Обе составляющие положили начало стилю антропологии, господствовавшему на протяжении полустолетия в Мексике: на основе общей идеи (ныне оспариваемой), касающейся линейной исторической преемственности между доиспанским прошлым и современностью, главным объектом антропологического исследования стали следы доиспанских культур, легко ощущаемые почти по всей стране, а также жизнь аборигенных народов, на которых до того не обращали внимания[83].

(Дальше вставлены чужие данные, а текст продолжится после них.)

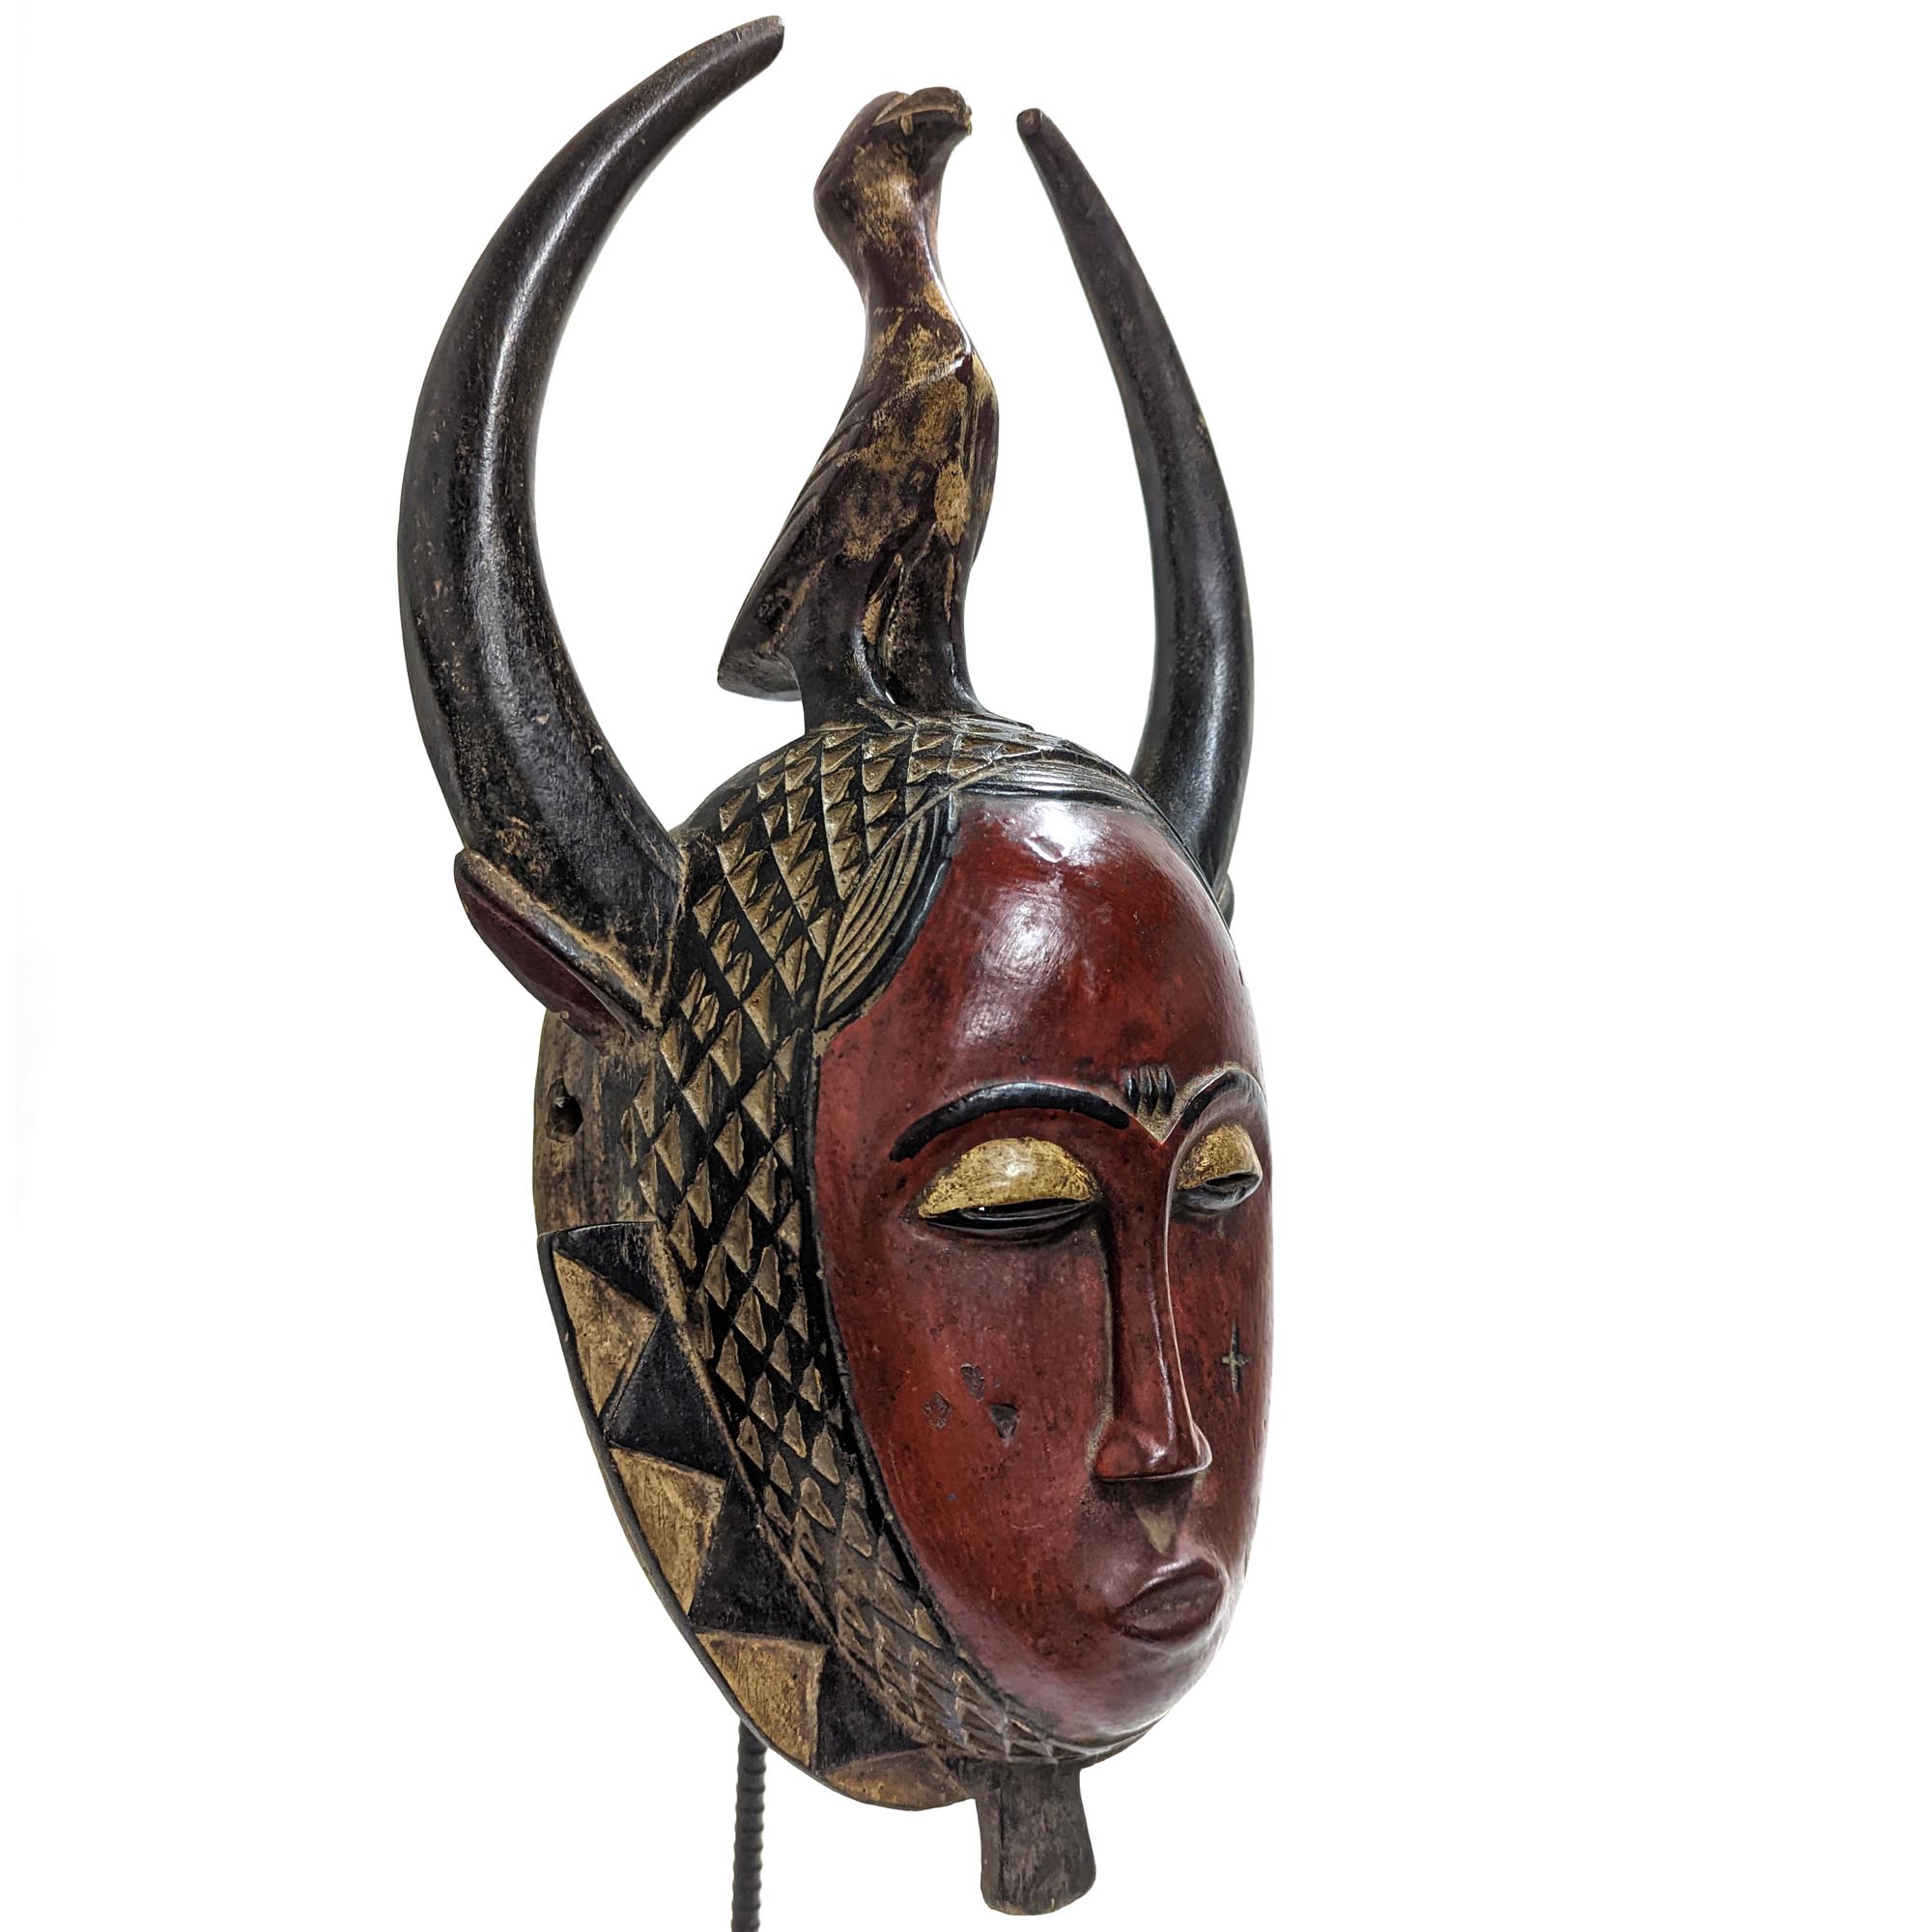 アフリカ コートジボワール ヤウレ族 マスク 仮面 No.113 木彫り アフリカンアート 彫刻

Понятно, что из-за политико-идеологической важности обеих тем и, более того, из-за политико-административной ценности второй из них послереволюционное государство отдало предпочтение данной отрасли социальных наук. Так, в 1938 г. была основана организация, впоследствии получившая название Национальной школы антропологии и истории (Escuela Nacional de Antropología e Historia) — на протяжении долгого времени она была самым важным в Латинской Америке центром антропологического образования и остается до сего дня единственным в стране центром, в котором представлены все антропологические специальности разных уровней[84]. В 1939 г. был создан Национальный институт антропологии и истории (Instituto Nacional de Antropología e Historia), частью которого вскоре стала упомянутая школа. В составе института есть несколько важных исследовательских подразделений; он отвечает за сохранение доиспанского и колониального наследия, руководит почти всеми музеями антропологии и истории, и с 1960-х годов в него входит значительное число центров академического и административного характера во всех районах страны.

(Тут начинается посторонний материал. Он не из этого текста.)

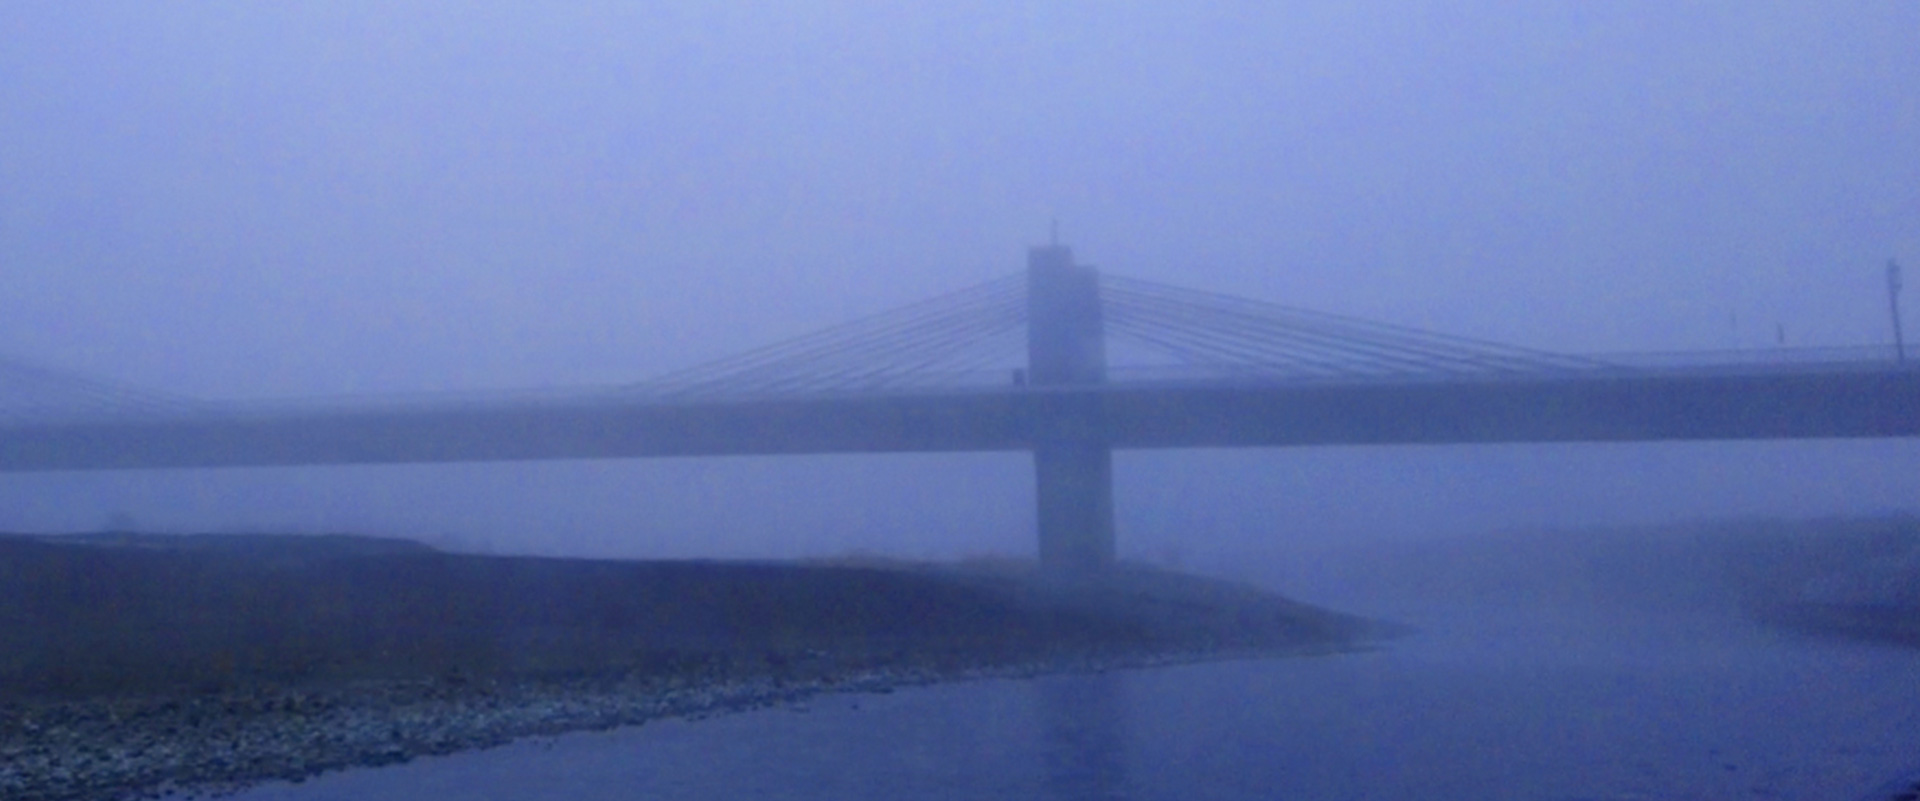 霧の保津橋の写真

Одновременно было начато создание разнообразных «индихенистских» учреждений (под термином «indigenista» понималась политика по отношению к коренному населению, сформированная и осуществляемая не аборигенами) — учреждений, позиция которых усилилась с образованием в 1940 г. в городе Мехико Межамериканского индихенистского института (Instituto Indigenista Interamericano) и основанием в 1948 г. Индихенистского национального института (Instituto Nacional Indigenista)[85]. При этом первое из двух учреждений в течение десятилетий служило своего рода «резонатором» континентального масштаба для индихенистских стратегий, задуманных в Мексике.

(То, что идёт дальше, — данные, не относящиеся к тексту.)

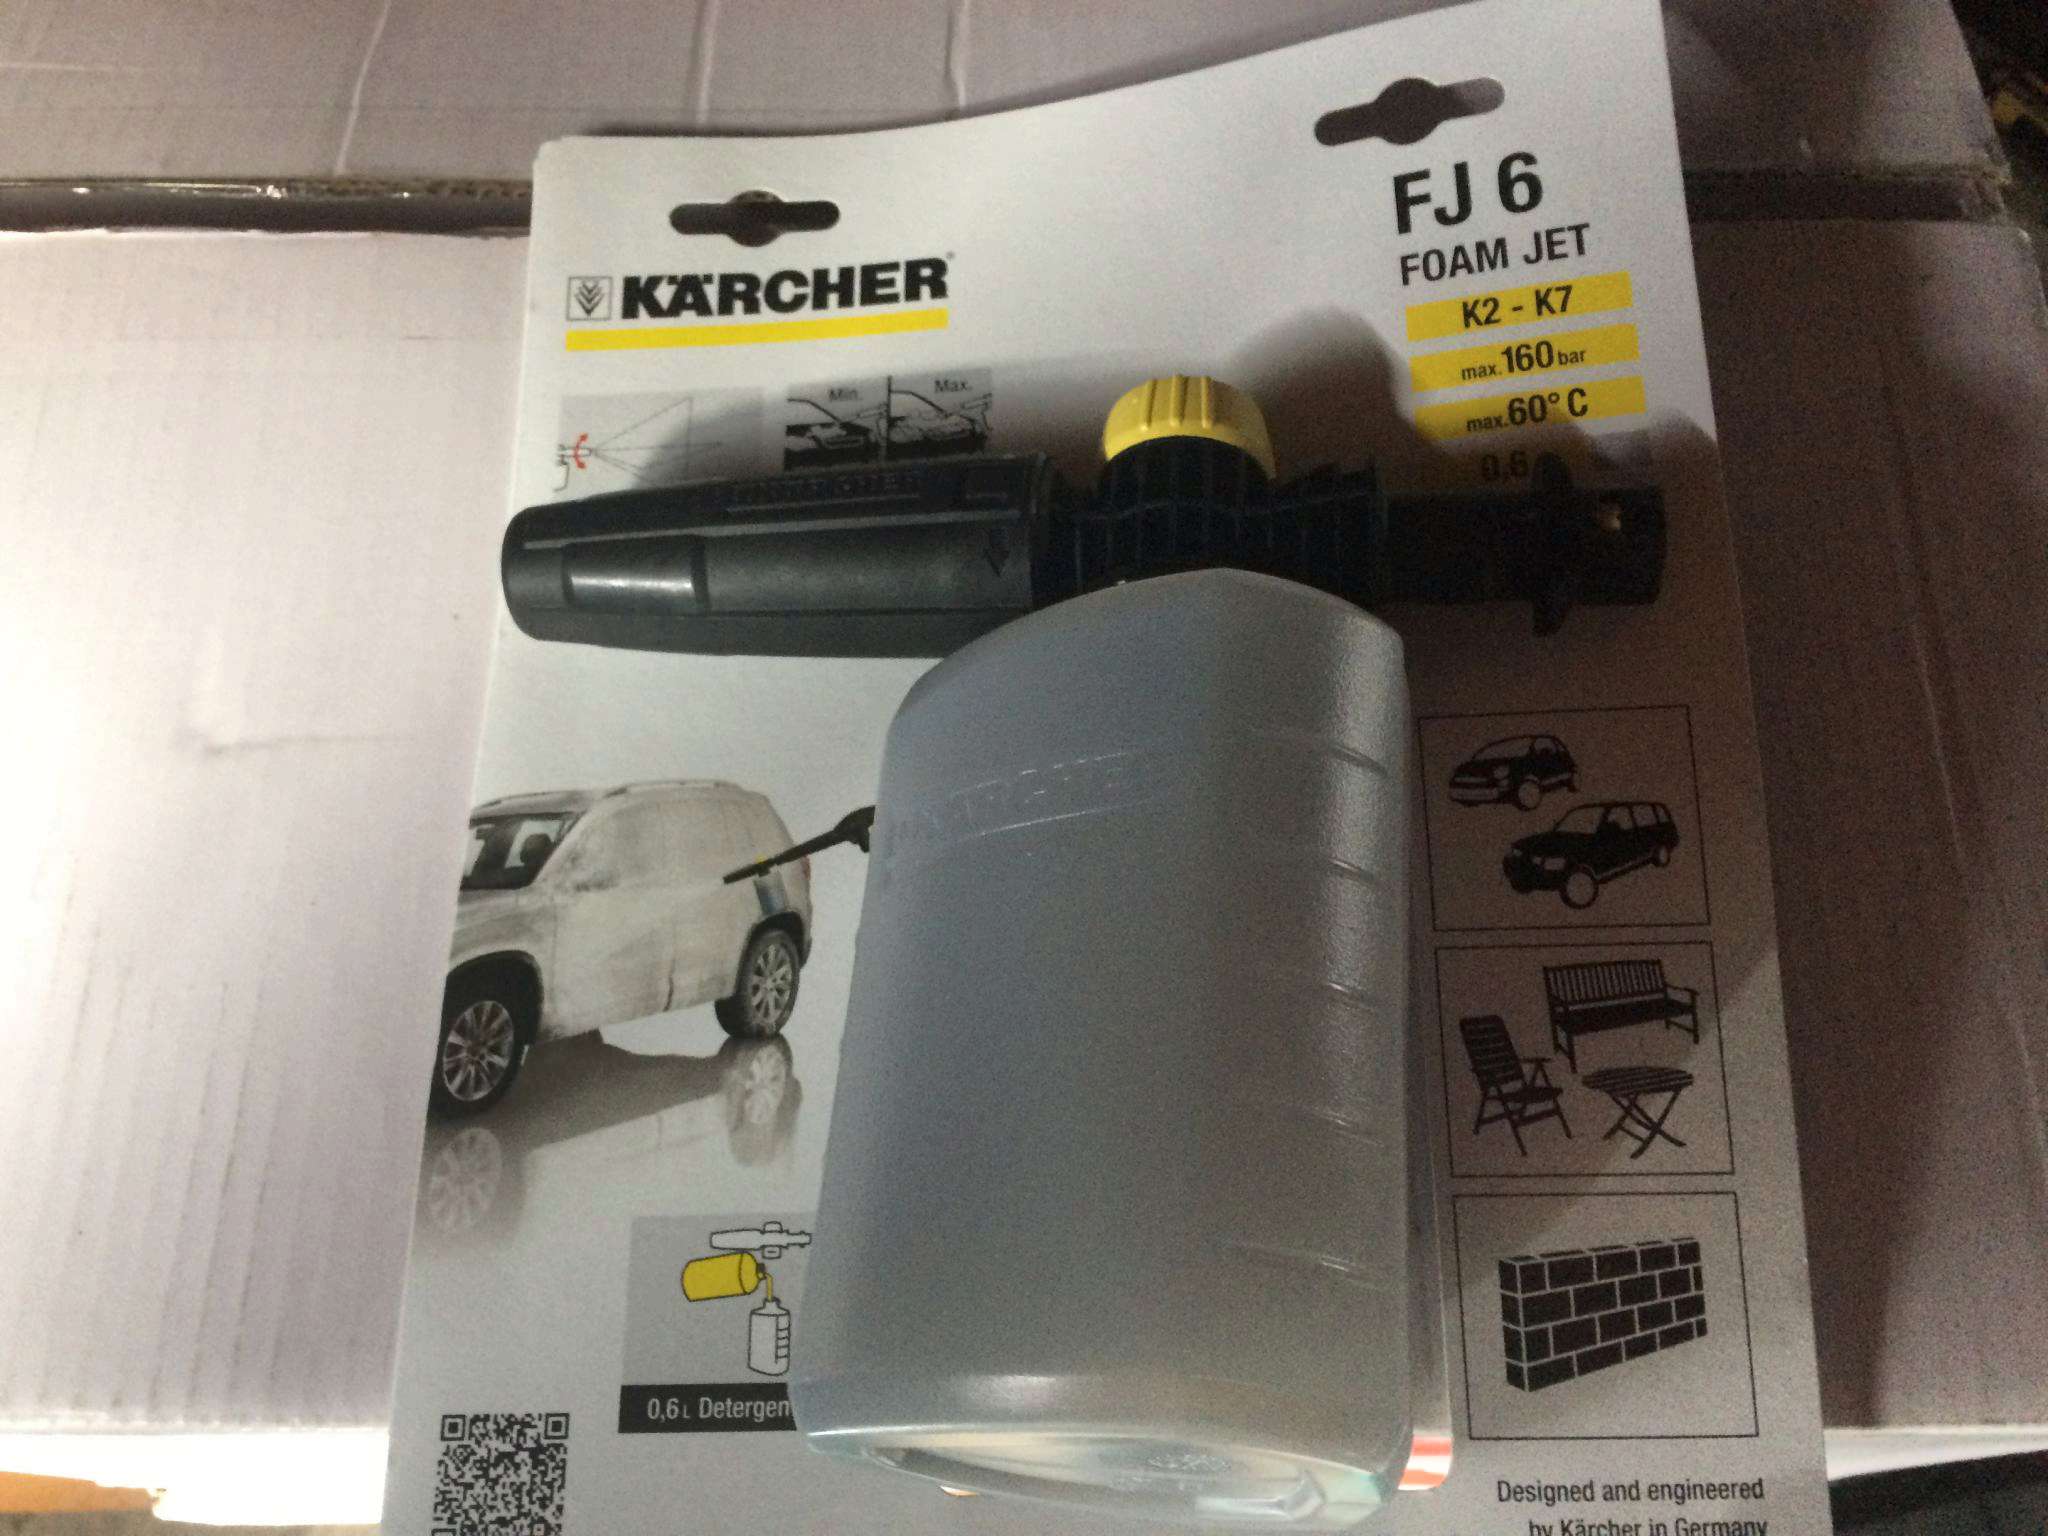 Пена для керхера купить. Karcher пенное сопло FJ 6 (2.643-147.0). Пенное сопло Karcher FJ 6. Пенообразователь Karcher FJ 6. Пенное сопло j6 Karcher.

Представительными для 1950-х годов могут считаться работы «Взгляд побежденных» и «Философия науа, изученная в своих источниках» (León-Portilla 1956; 1989), а также книга «Великие мгновения индихенизма» (Villoro 1950). Для индихенизма особенно важное значение имели теоретическая линия и политическая практика, проводимые на уровне разных учреждений антропологом Гонсало Агирре Бельтраном (1908–1996). Его модель «интеграции» явила собой последовательную стратегию, направленную на то, чтобы аборигенное население растворилось в «национальной» культуре метисного типа — цель, в которой слышится эхо предсказания «космической расы» Хосе Васконселоса[86]. Как можно видеть в многочисленных статьях Агирре Бельтрана, в модели его оригинальным образом сочетались вера в социальные принципы Мексиканской революции и теоретические элементы культуралистского и эволюционистского типа[87].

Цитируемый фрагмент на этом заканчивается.